Kervern et Delépine: « Effacer l’historique aborde un nombre massif de problèmes actuels »
Inspirés comme rarement, Gustave Kervern et Benoît Delépine épinglent les énormités de l’ère numérique dans une espèce d’hilarité inquiète qui tombe à point nommé. Penser et rire aux éclats dans un même geste de cinéma, oui c’est possible. Rencontre avec le duo de réalisateurs, à Berlin.
Qu’elle parte en fous rires incontrôlés ou se lance dans des monologues perchés, la paire parle vrai. À Berlin, en février dernier, d’où le film allait revenir auréolé d’un Ours d’argent spécial, l’éternel tandem de réalisateurs grolandais et anars formé par Gustave Kervern et Benoît Delépine (Aaltra, Mammuth) défendait crânement Effacer l’historique, désopilante comédie tragique post-Gilets jaunes emmenée par Blanche Gardin. Irrésistible, l’humoriste y incarne une quadra fauchée végétant dans un lotissement de province avant d’être la victime d’un chantage à la sextape, enregistrée à son insu un soir de cuite monumentale. Avec deux amis plus ou moins logés à la même enseigne, elle décide alors de partir en guerre contre les géants d’Internet et leurs sacro-saints data centers. Airbnb, Deliveroo, Amazon, Facebook, YouPorn, réalité virtuelle, avions low cost, obsolescence programmée de l’électroménager, ubérisation de la société, addiction maladive aux séries télé… Tout, absolument tout, y passe, dans cette revigorante caricature vacharde de la société de consommation imbécile à l’ère déshumanisante des nouveaux médias.

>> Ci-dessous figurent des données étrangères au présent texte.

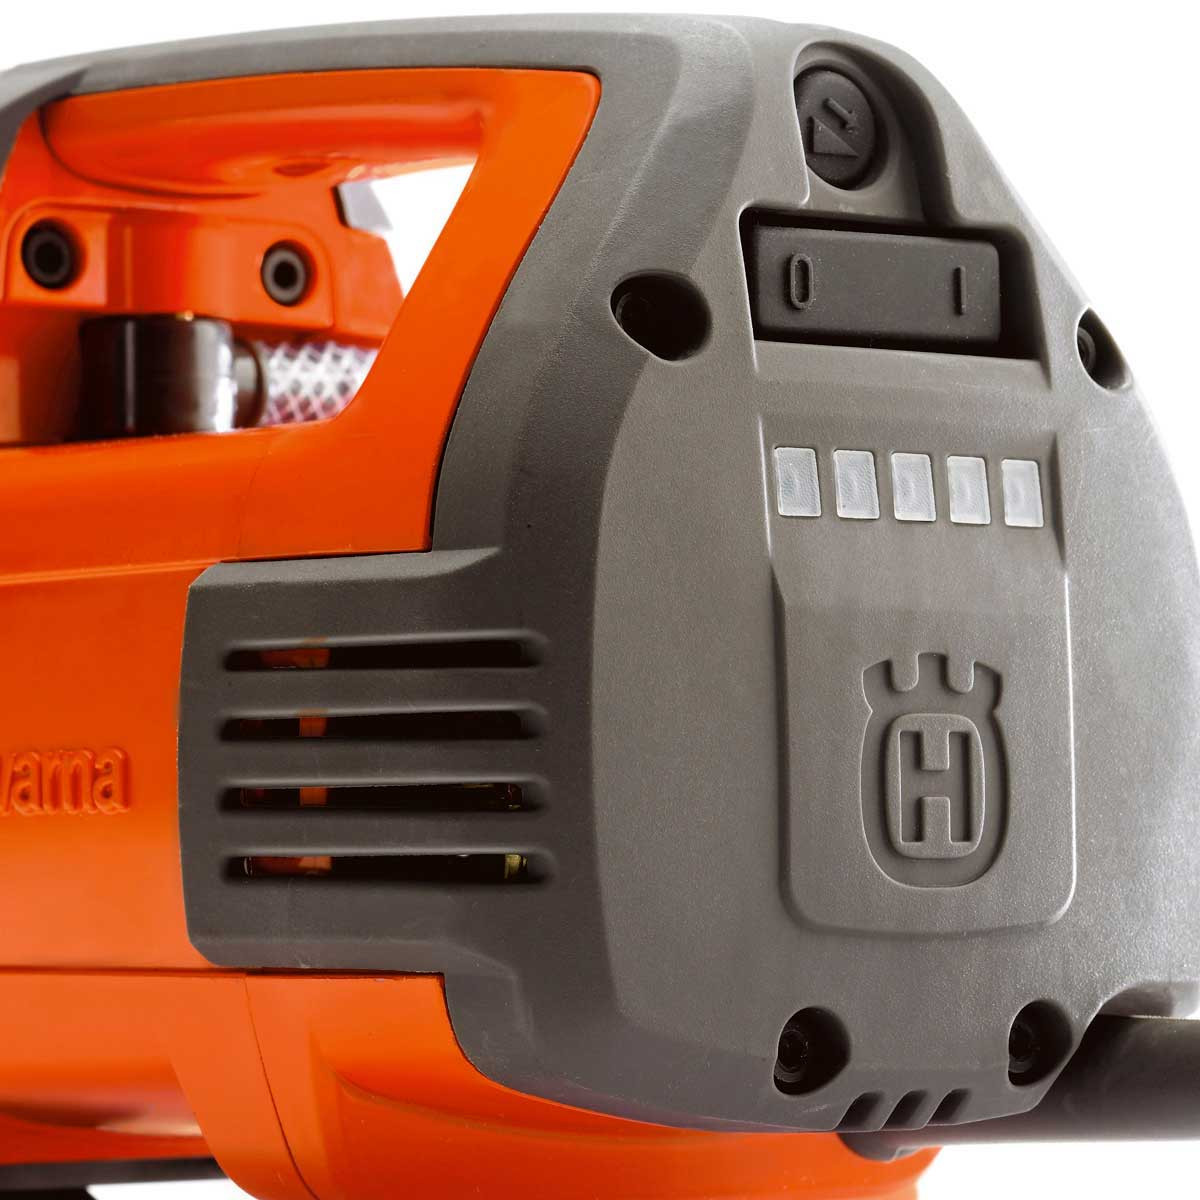 Husqvarna DMS 280 gear box selector

Quelle a été l’impulsion première pour ce film? Qu’est-ce qui vous a donné envie de vous lancer dans ce neuvième long métrage en seize ans?

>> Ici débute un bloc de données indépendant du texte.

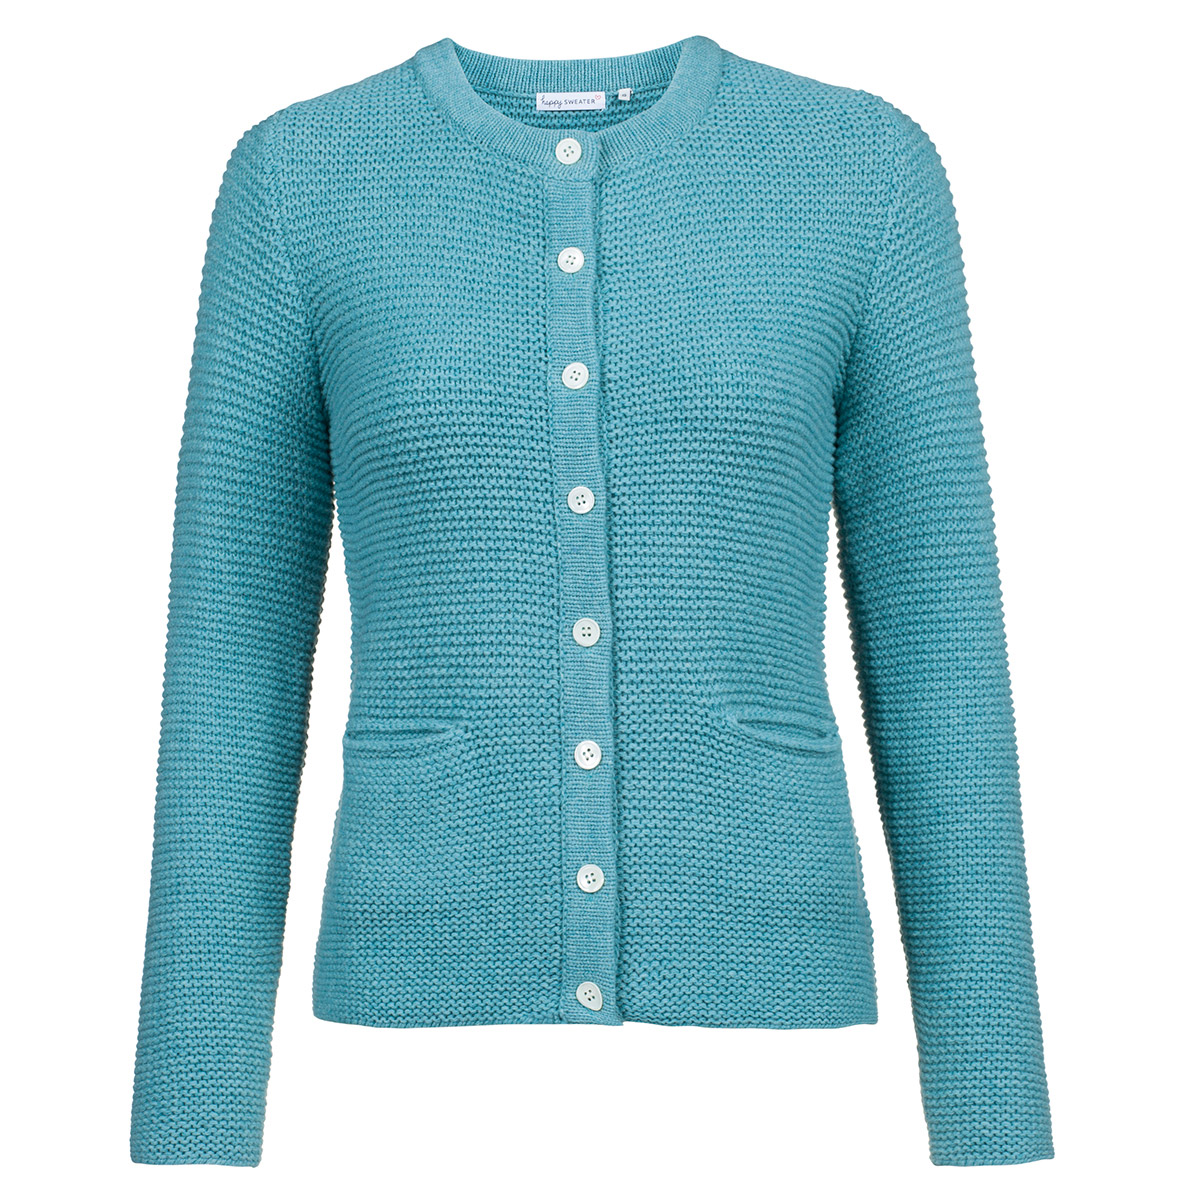 Fabrik großer Abverkauf hohe Qualität Strickjacke Damen I Handstickerei Farbe Türkis I Model: Lulu

Benoît Delépine: Très honnêtement, le point de départ du film c’était avant tout une vraie volonté de notre part d’aller à l’île Maurice (rires). C’est le pays natal de Gustave. Depuis qu’on se connaît tous les deux, c’est-à-dire depuis plus de 20 ans, on est fascinés par le dodo. À l’origine, il n’existait aucun prédateur pour cet animal. Et puis les Hollandais, qui sont arrivés les premiers là-bas, ont débarqué avec des chiens, des animaux européens, et le dodo a été exterminé en 50 ans à peine. Nous, au fond, notre idée c’était ça. C’était de dire que l’être humain, qui a l’impression d’être le roi du monde, est lui-même un dodo. Il n’a pas de réel prédateur pour l’instant, mais ça va sans doute venir. On ne sait pas encore ce que ça va être. Est-ce que ça va être une maladie ou bien l’intelligence artificielle qui va décider qu’il y a trop de gens sur Terre? On verra bien. Mais le point de départ, c’était ça: l’être humain est un dodo. Le film, à la base, s’appelait d’ailleurs simplement Le Dodo. C’était l’histoire d’un personnage tout seul dans un lotissement qui finissait à l’île Maurice où on comprenait qu’il était semblable à cet oiseau.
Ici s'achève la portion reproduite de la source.